Skip any image you find and restate the rest of the data word for word.

## [Source material]
···

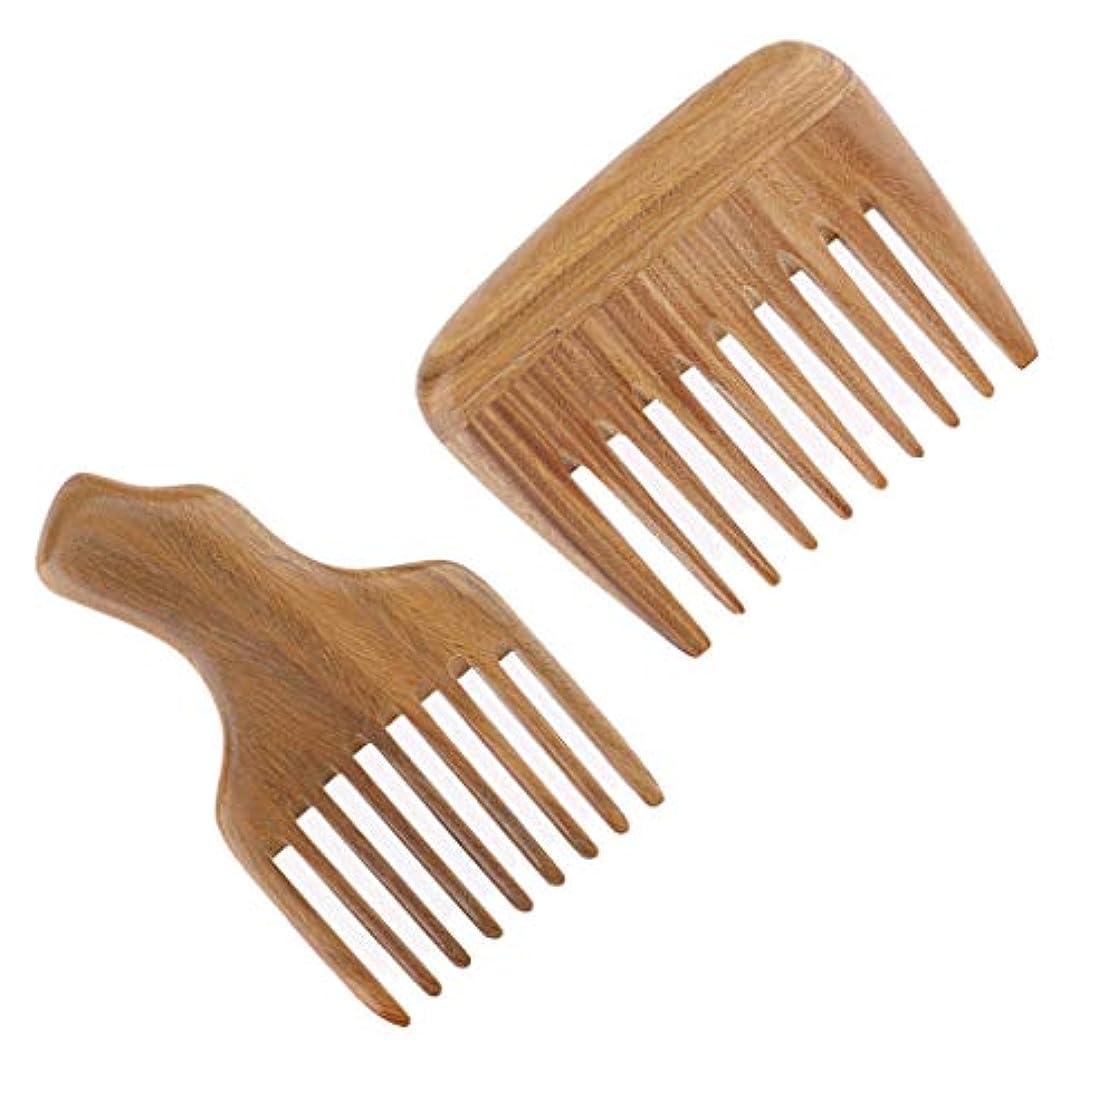 小屋ようこそ牛T TOOYFUL 木製コーム ヘアブラシ ヘアコーム 粗い櫛 ユニセックス 理髪店 サロン アクセサリー 2個入り
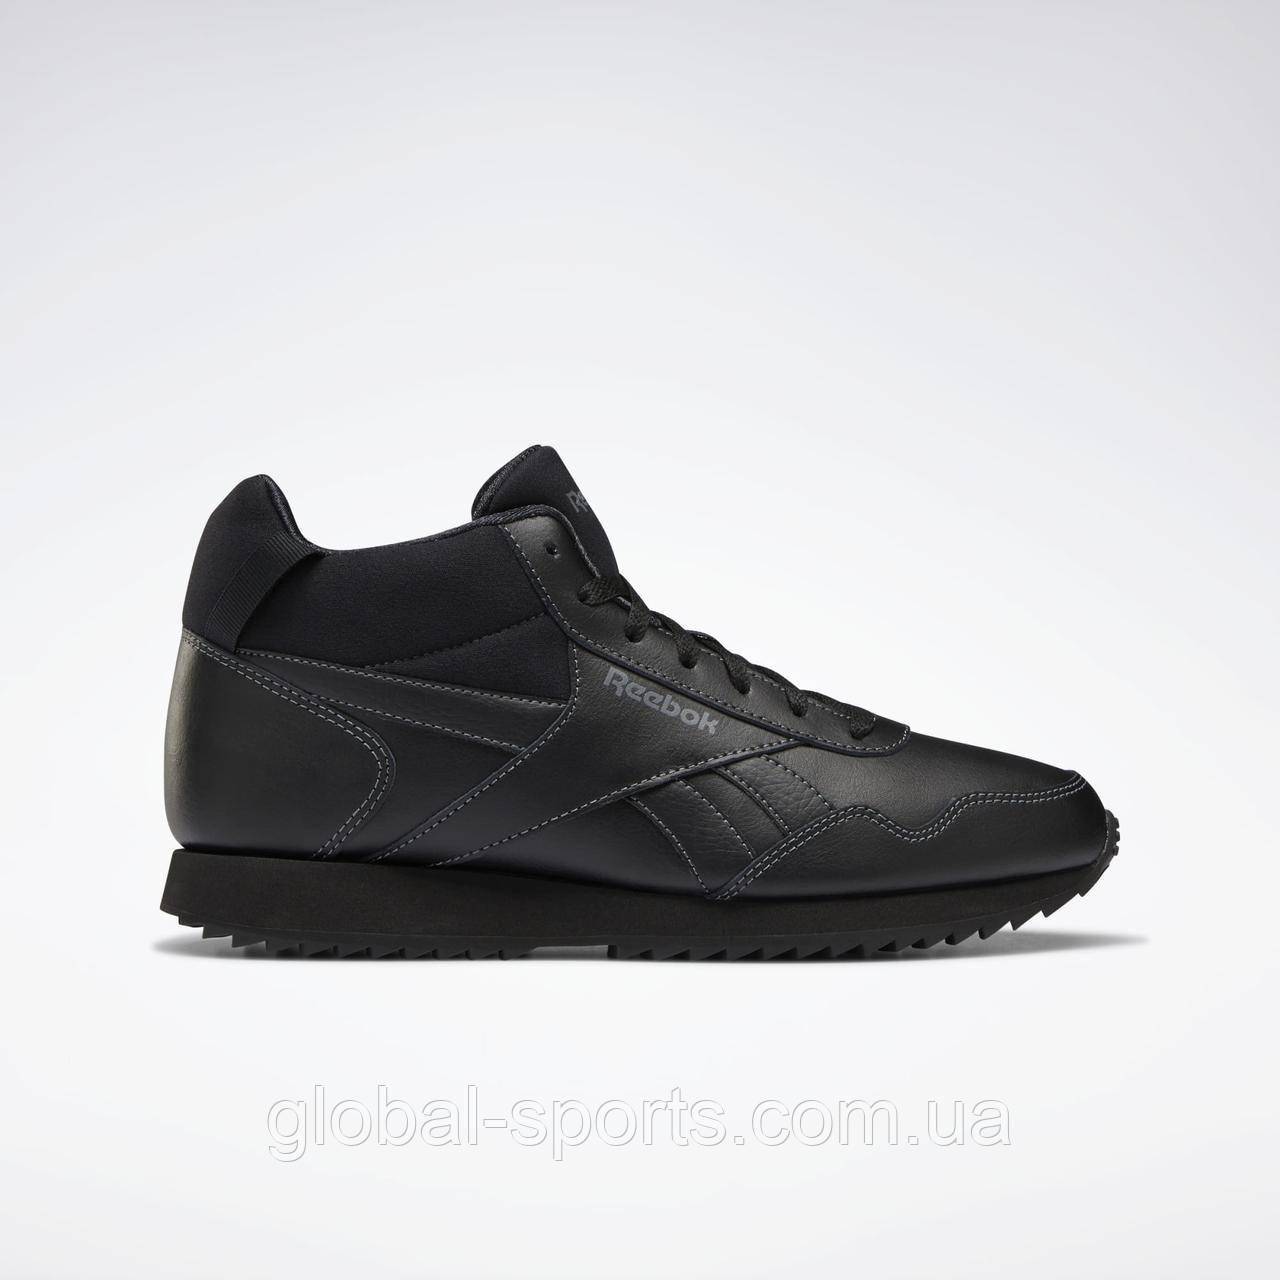 Чоловічі кросівки Reebok Royal Glide Mid (Артикул: DV6781)
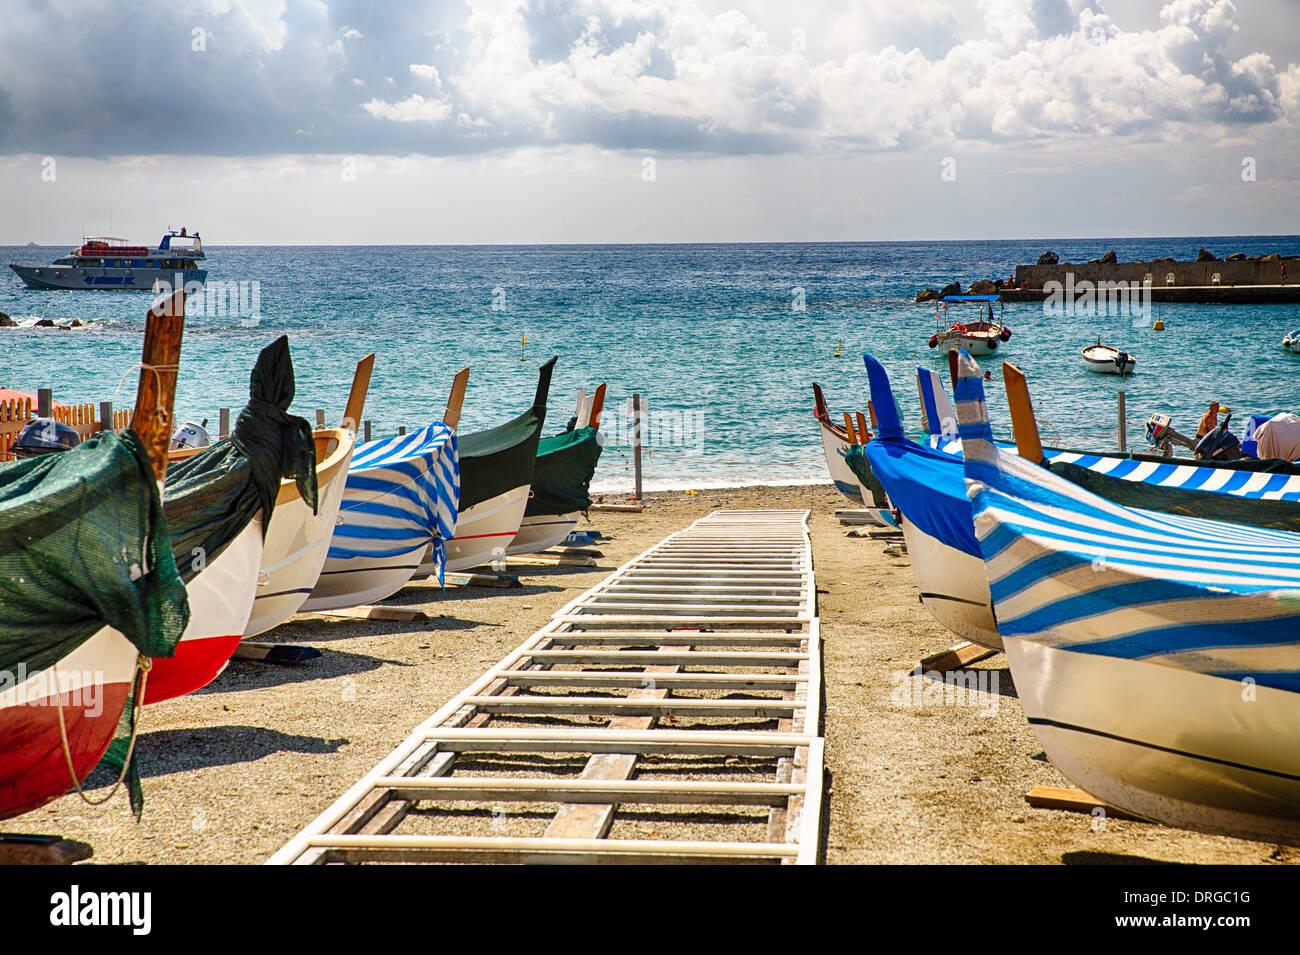 Fila di barche tradizionali sulla riva, Monterosso Al Mare, Cinque Terre Liguria, Italia Immagini Stock

···

## [Response below]
 小屋ようこそ牛T TOOYFUL 木製コーム ヘアブラシ ヘアコーム 粗い櫛 ユニセックス 理髪店 サロン アクセサリー 2個入り
 Чоловічі кросівки Reebok Royal Glide Mid (Артикул: DV6781)
 Fila di barche tradizionali sulla riva, Monterosso Al Mare, Cinque Terre Liguria, Italia Immagini Stock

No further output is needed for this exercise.